嗨,大家好我已经用Python编写了一个网页抓取工具,试图从dictionary-ish网站上刮掉一些单词样本等等为我的GRE单词列表并把它们放在一个CSV文件中。拼音内容包含汉字。在Python和TypeError中编码中文字符:需要类似字节的对象,而不是'str'
给我的脚本唯一的问题是,当我试图写那些出到CSV文件,我可能要么得到
UnicodeEncodeError的错误:“ASCII”编解码器的位置不能编码字符13- 15:在范围序数不(128)
或
类型错误:需要对类字节对象,而不是 'STR'
这是我的完整代码:
#!/usr/bin/python
# -*- coding: <encoding name> -*-
from urllib.request import urlopen as uReq
from bs4 import BeautifulSoup as soup
# make a word list (grabbed from the wordlist pdf, converted to Excel and extracted)
wordList = '''Day One
abandon
abate
abbreviate
Day Two
abate
abbreviate
Day Three
abandon
abate
Day Four
abandon
abate
abandon
abate
Day Five
abandon
abate
Day Six
abandon
abate
Day Seven
abandon
abate'''
wordList = [y for y in (x.strip() for x in wordList.splitlines()) if y]
dayIndex = 0
dayArray = ['Day One', 'Day Two', 'Day Three', 'Day Four', 'Day Five', 'Day Six', 'Day Seven']
for item in wordList:
if item == dayArray[dayIndex]:
if dayIndex == 0:
fileName = "Word " + dayArray[dayIndex] + ".csv"
f = open(fileName, 'w')
headers = "word, separater, detail, lineSep\n"
f.write(headers)
dayIndex += 1
elif dayIndex == 6:
f.close()
else:
f.close()
fileName = "Word " + dayArray[dayIndex] + ".csv"
f = open(fileName, 'w')
headers = "word, separater, detail, lineSep\n"
f.write(headers)
dayIndex += 1
else:
# construct url for each word
myUrl = 'http://gre.kmf.com/vocab/detail/' + item
# opening up the connection, grabbing the page
uClient = uReq(myUrl)
page_html = uClient.read()
uClient.close()
# html parsing
pageSoup = soup(page_html, "html.parser")
# grab word container
container = pageSoup.findAll("div", {"class", "word-d-maintile"})

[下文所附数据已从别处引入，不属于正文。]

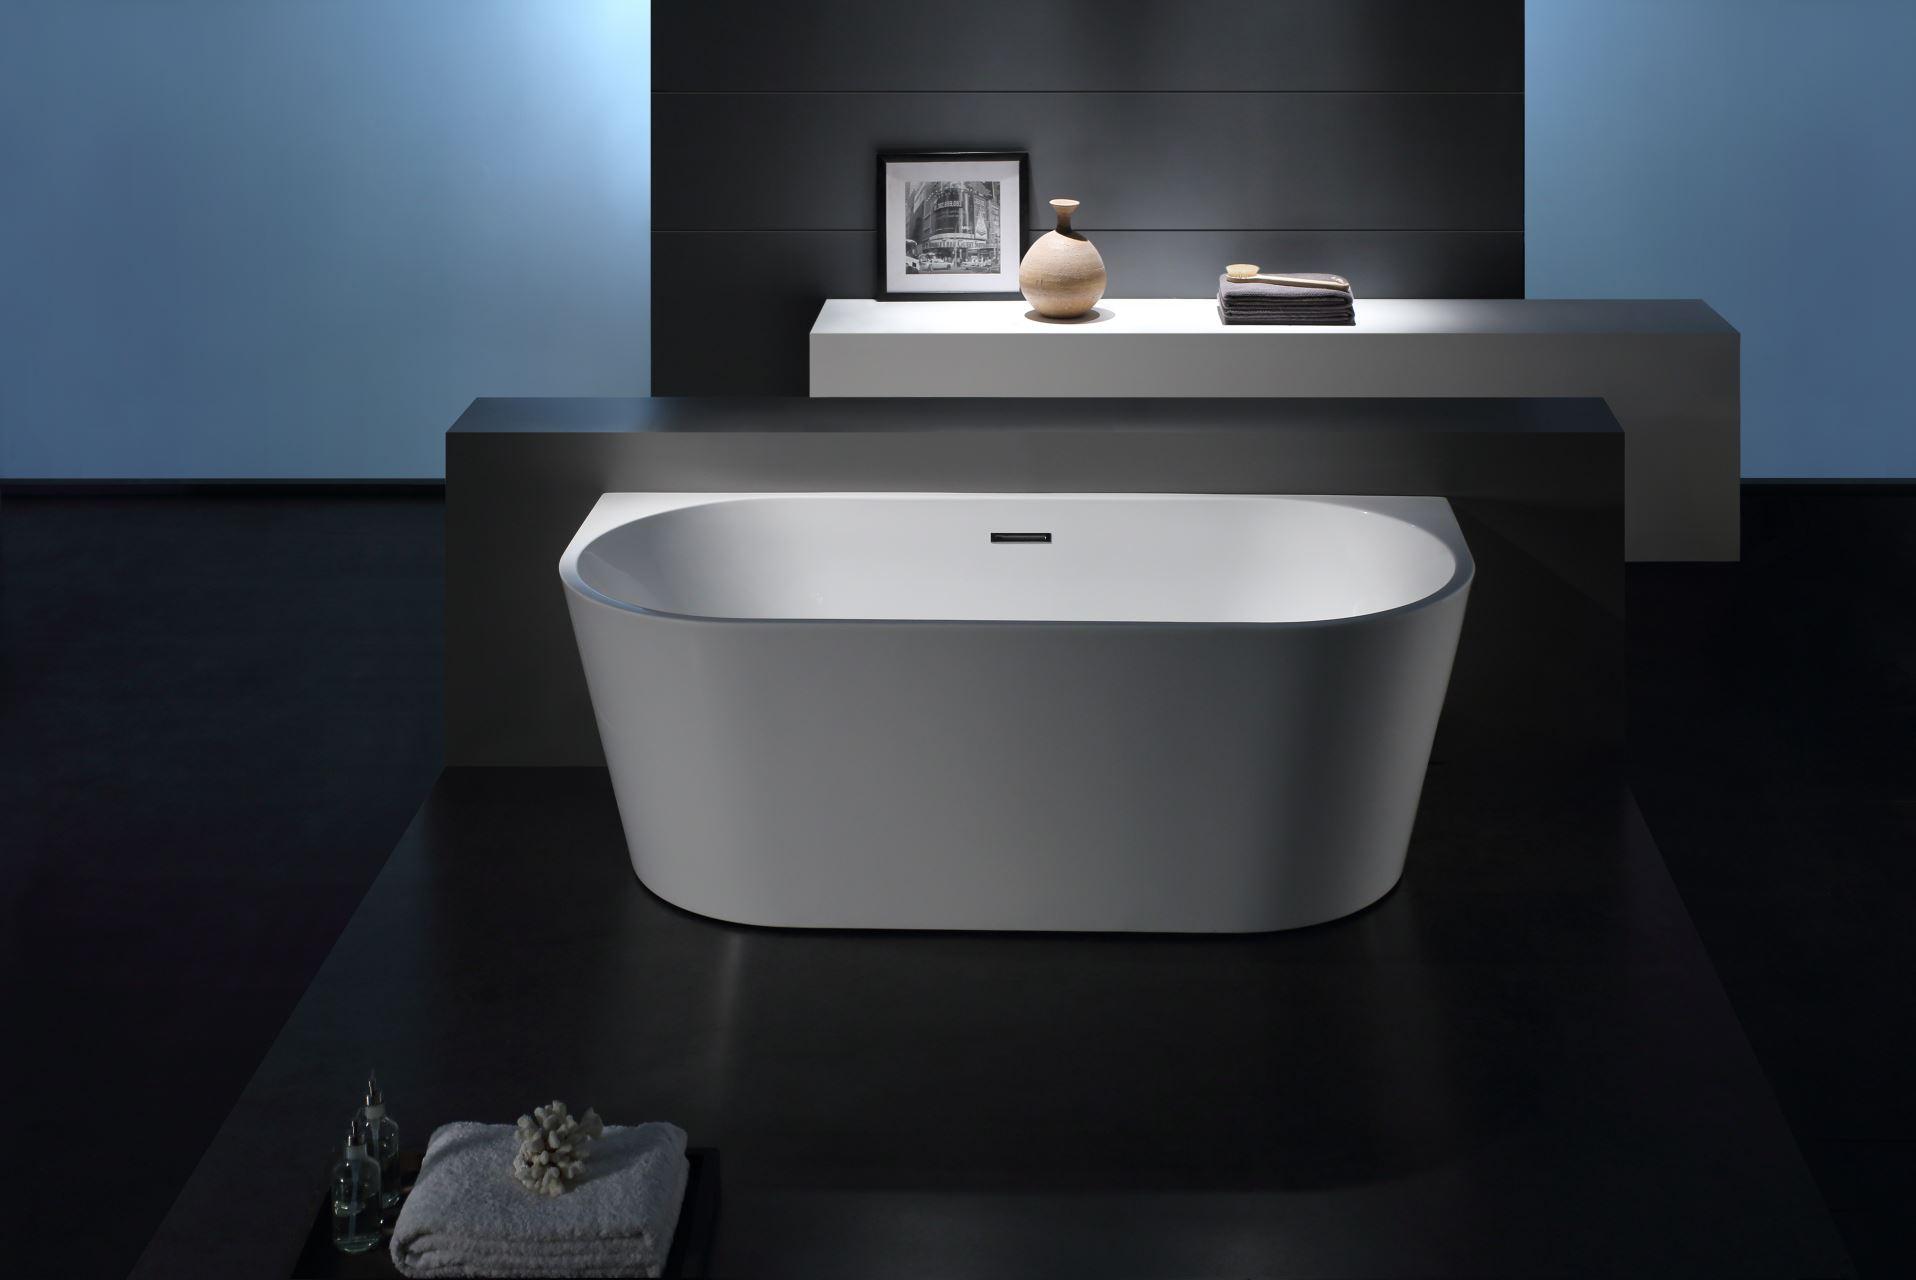 Half Vrijstaand Bad : Prachtig vrijstaand bad gemaakt duurzaam acryl verstevigd met

contain = container[0]# actually only 1 item in the container array
# grab the word(should be the same as item)
word = contain.span.text
# grab word detail
wordDetail_container = contain.findAll("div", {"class": "word-g-translate"})
wordDetail = wordDetail_container[0].text.strip()# again should be only 1 item in the array.strip() the extra spaces and useless indentation
# manipulate the string wordDetail(string is immutable but you know what I mean)
detailArray = []
for letter in wordDetail:
if letter != '【' and letter != '例' and letter != '近' and letter != '反':
detailArray.append(letter)
elif letter == '【':
detailArray.append("\n\n\n" + letter)
else:
detailArray.append("\n\n" + '[' + letter + ']' + ' ')
newWordDetail = ''.join(detailArray)
#print("CUT\n") debug
#print(word + '\n') debug
#print(newWordDetail) debug
f.write(word +',' + '&' + ',' + newWordDetail.replace(',', 'douhao') + ',' + '$')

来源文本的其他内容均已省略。